Problem statement: Make an exact copy, from the records below, of the lines from the line containing "2 jouets pour" to the line containing "Salvagente Awards 2024", both lines included, excluding pictures.

Data records:
%%

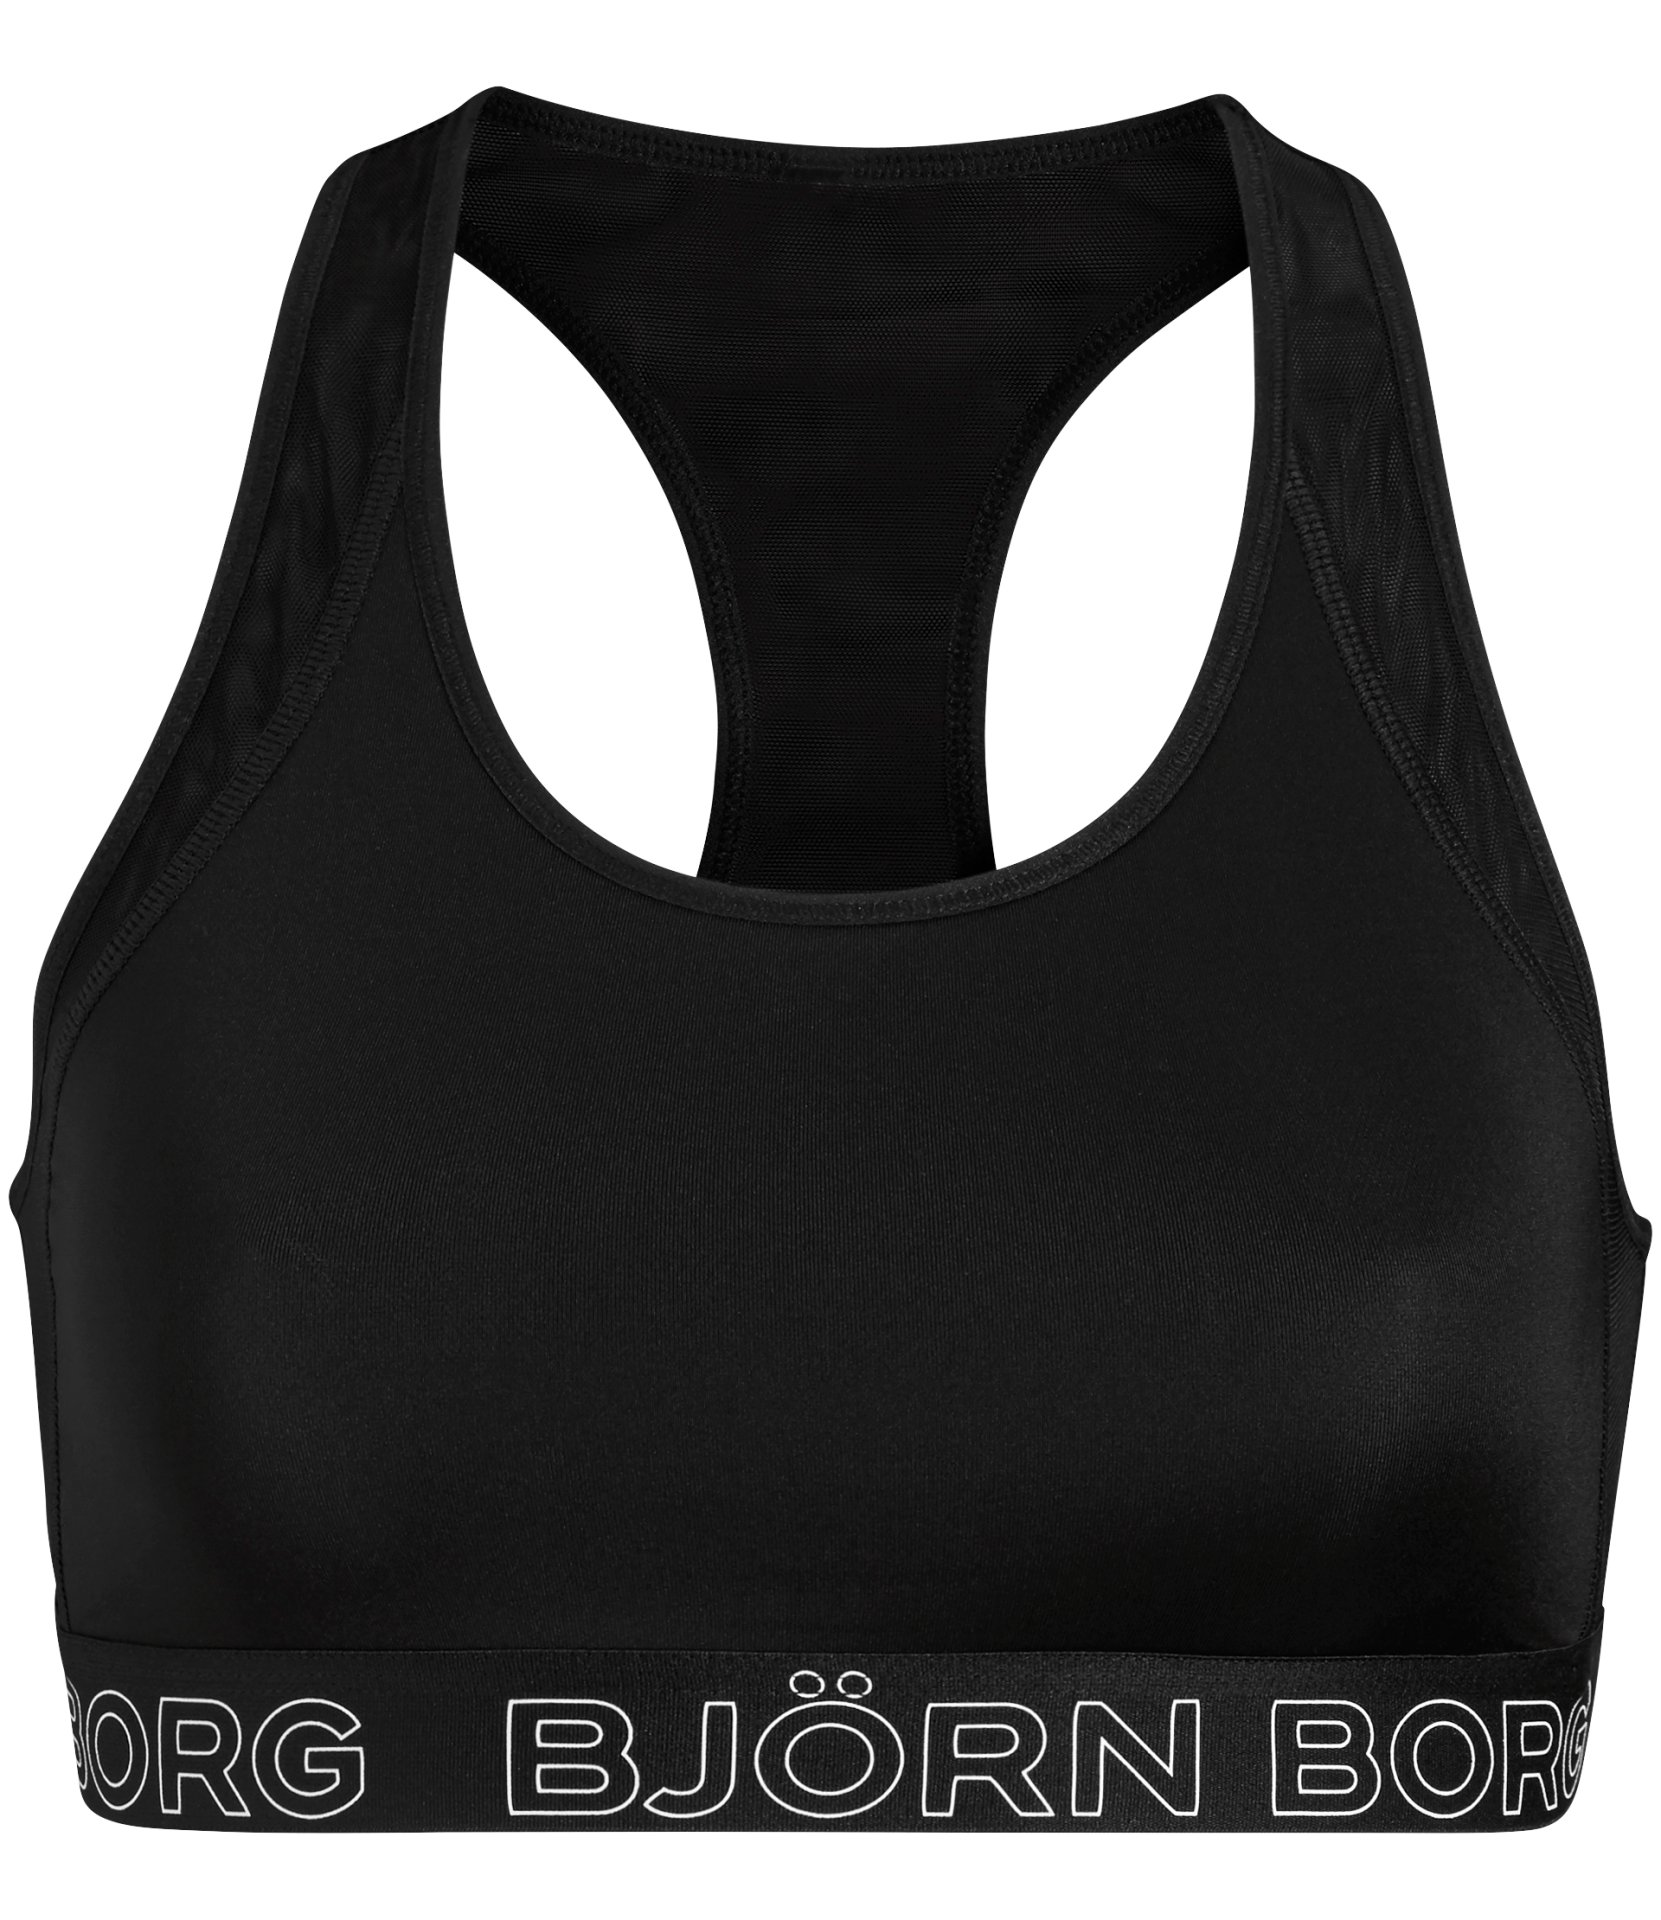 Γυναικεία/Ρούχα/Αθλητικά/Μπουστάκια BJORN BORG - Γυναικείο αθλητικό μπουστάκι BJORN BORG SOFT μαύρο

%%
%%

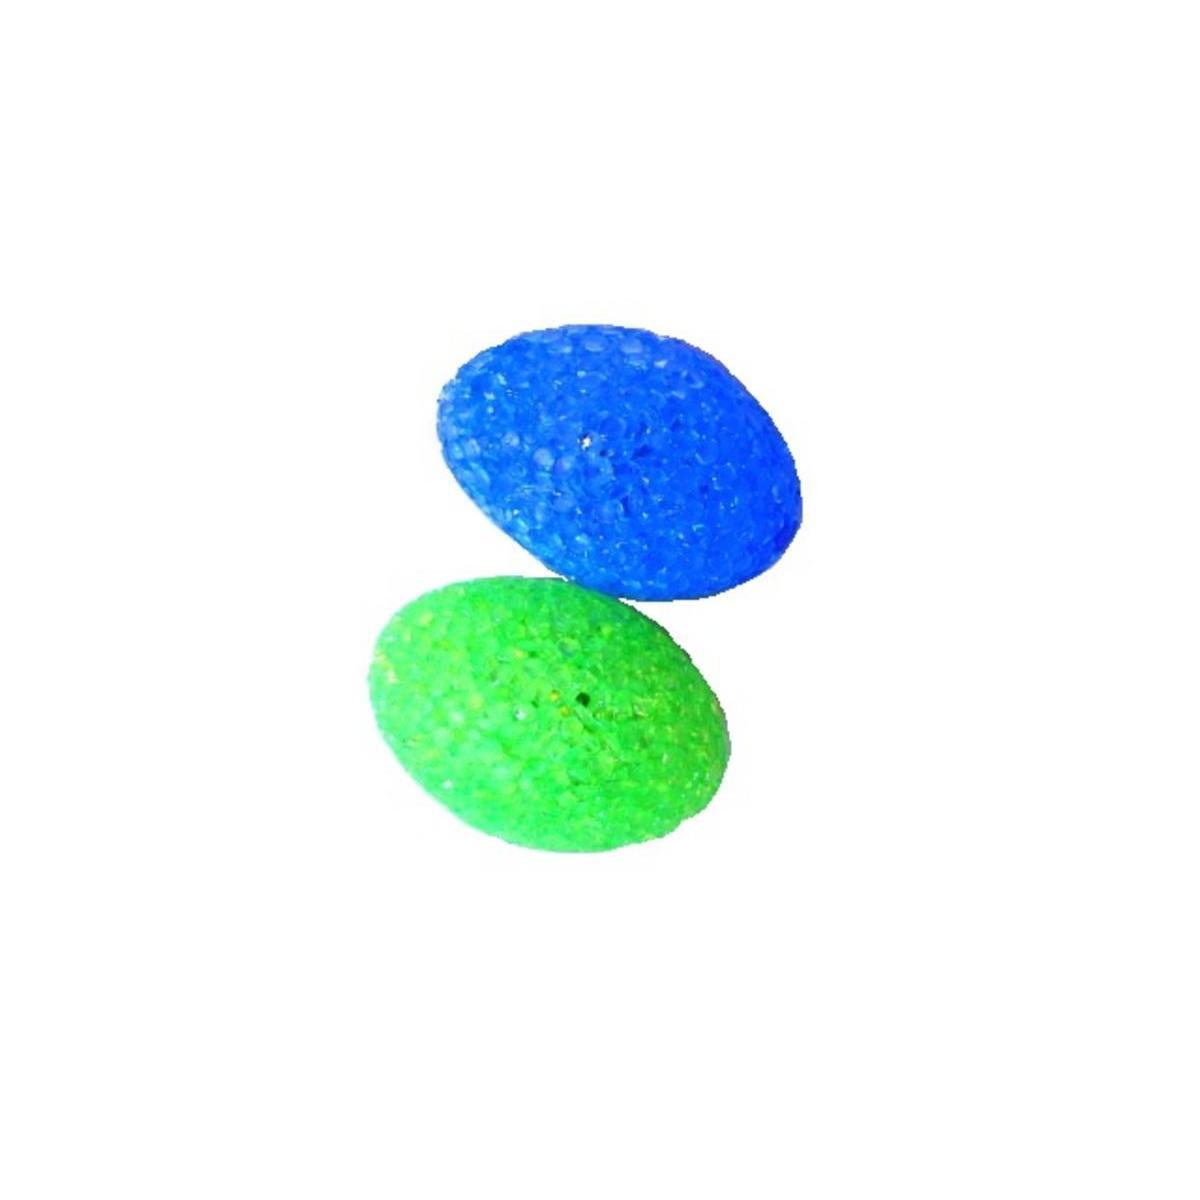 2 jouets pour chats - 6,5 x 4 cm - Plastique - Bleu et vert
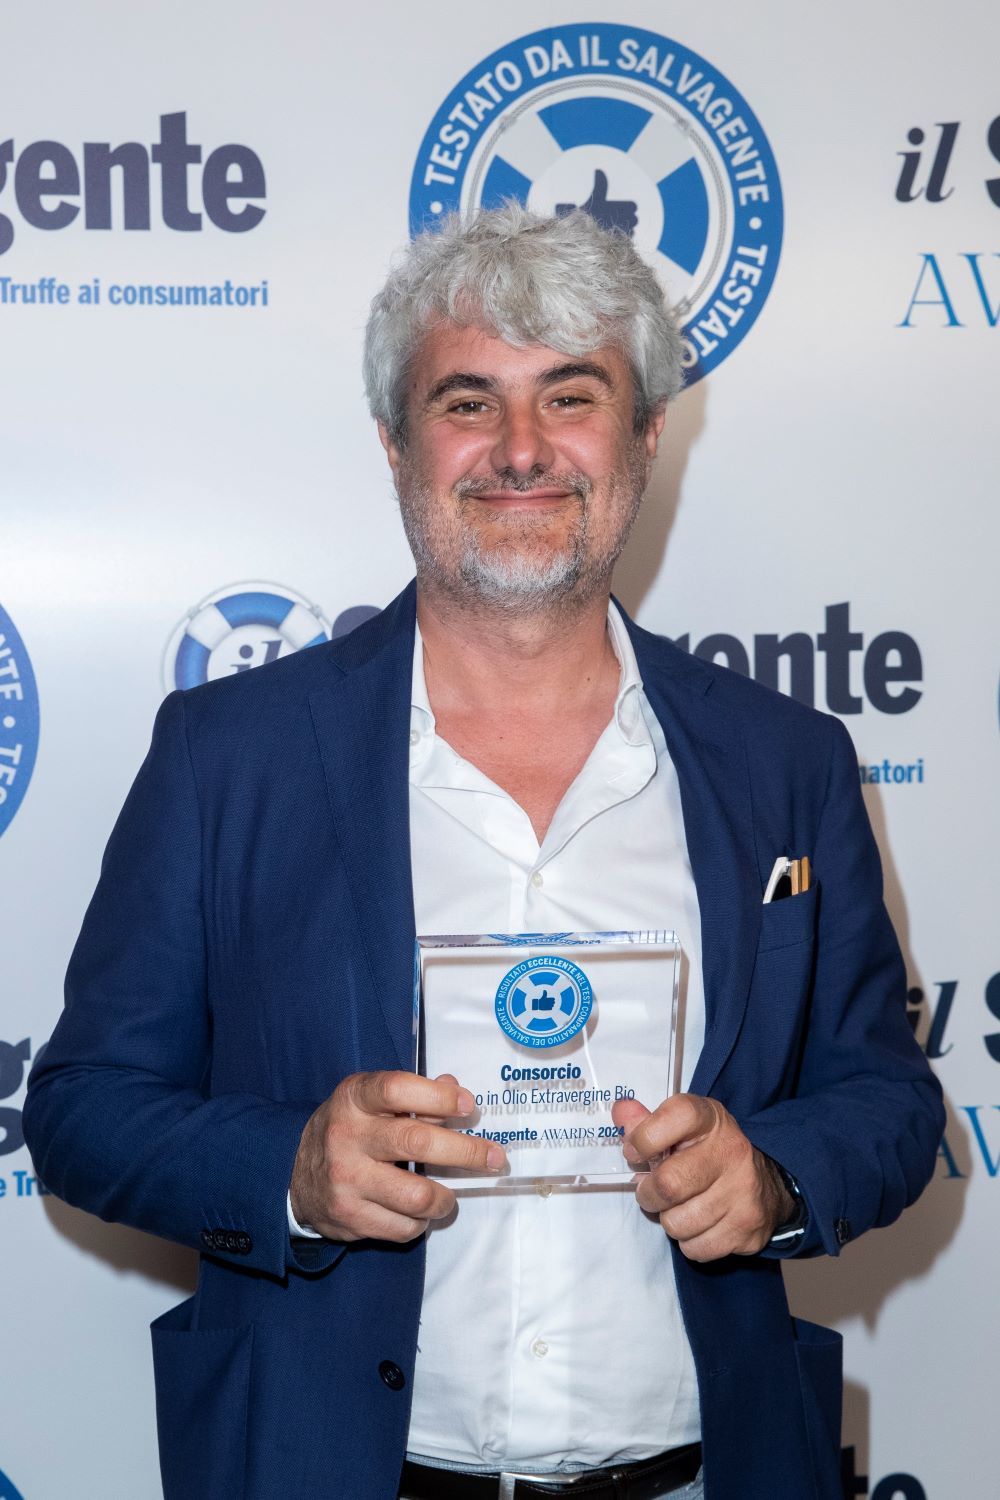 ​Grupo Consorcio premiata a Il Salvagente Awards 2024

%%

Problem solution:
 2 jouets pour chats - 6,5 x 4 cm - Plastique - Bleu et vert
 ​Grupo Consorcio premiata a Il Salvagente Awards 2024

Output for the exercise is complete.